Step S12: selecting the optimal parallax value d of the pixel point p by using winnertaks all_p。

Wherein d is_lpFor an initial disparity value, d, corresponding to a pixel point p on the left image_rpThe initial disparity value corresponding to the pixel point p on the right image.

Step S13: and traversing all windows with the size of (2n +1) × (2n +1) in the left image and the right image in the binocular image, obtaining the optimal parallax value of all pixel points according to the same method, and generating a left initial parallax image and a right initial parallax image.

The implementation method of step S2 is:

step S21: and (4) dividing the initial disparity map obtained in the step (S1) by using a watershed algorithm, and binarizing the divided disparity map into a foreground and a background according to a preset threshold value.

a.
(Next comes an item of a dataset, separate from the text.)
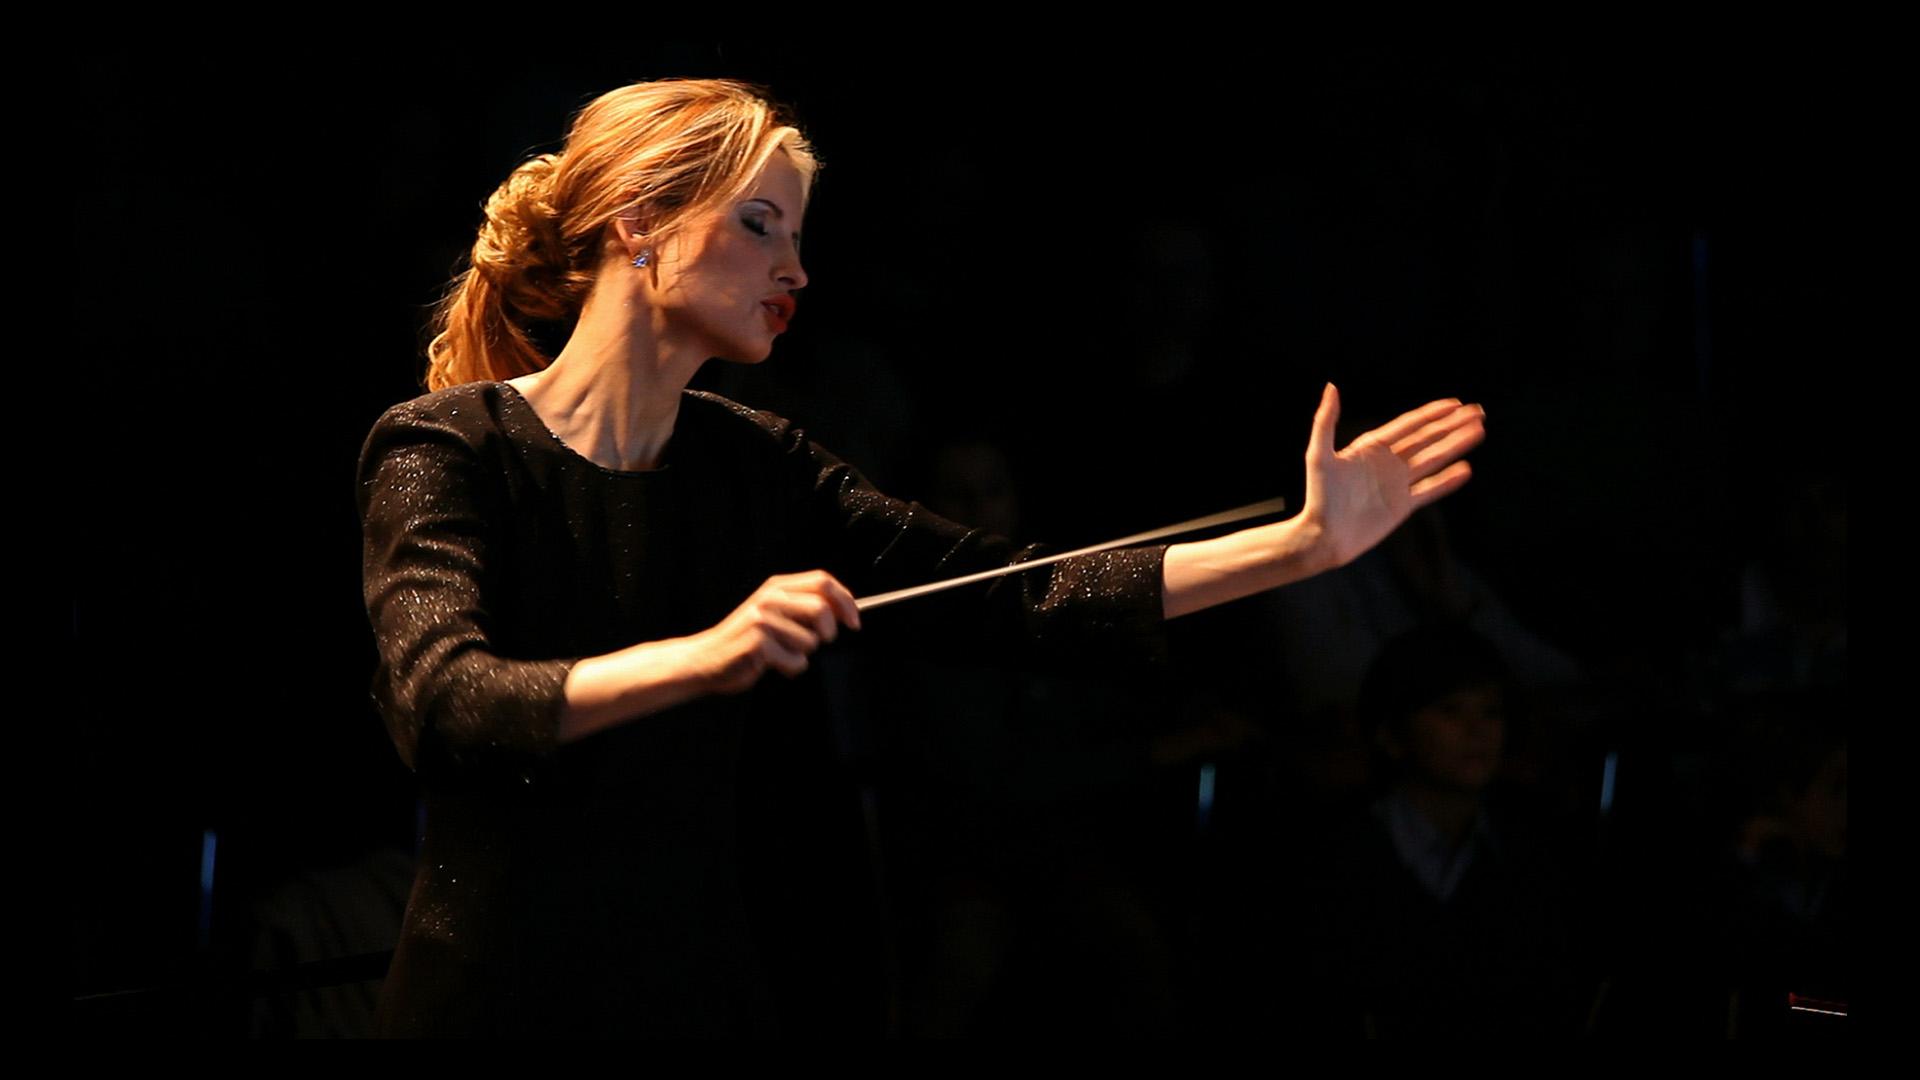 Lexus y la directora de orquesta Inma Shara en la primera edición de Premios de Excelencia Lexus

Calculating a gradient of the initial disparity map obtained in step S1, and performing a threshold process on the gradient:

g(x,y)＝max(grad(d(x,y)),θ) (5)

where d (x, y) represents the disparity value of any point on the initial disparity map obtained in step S1, g (x, y) represents the gradient value of the point, θ is the threshold, and grad () is the gradient function.

b. And c, segmenting the gradient image obtained in the step a into a foreground part and a background part by using a watershed algorithm.

Step S22: and performing morphological corrosion on the foreground and the background obtained in the step S21, performing binarization to obtain the determined foreground and the determined background, and using a corroded part as an uncertainty area to obtain traimap.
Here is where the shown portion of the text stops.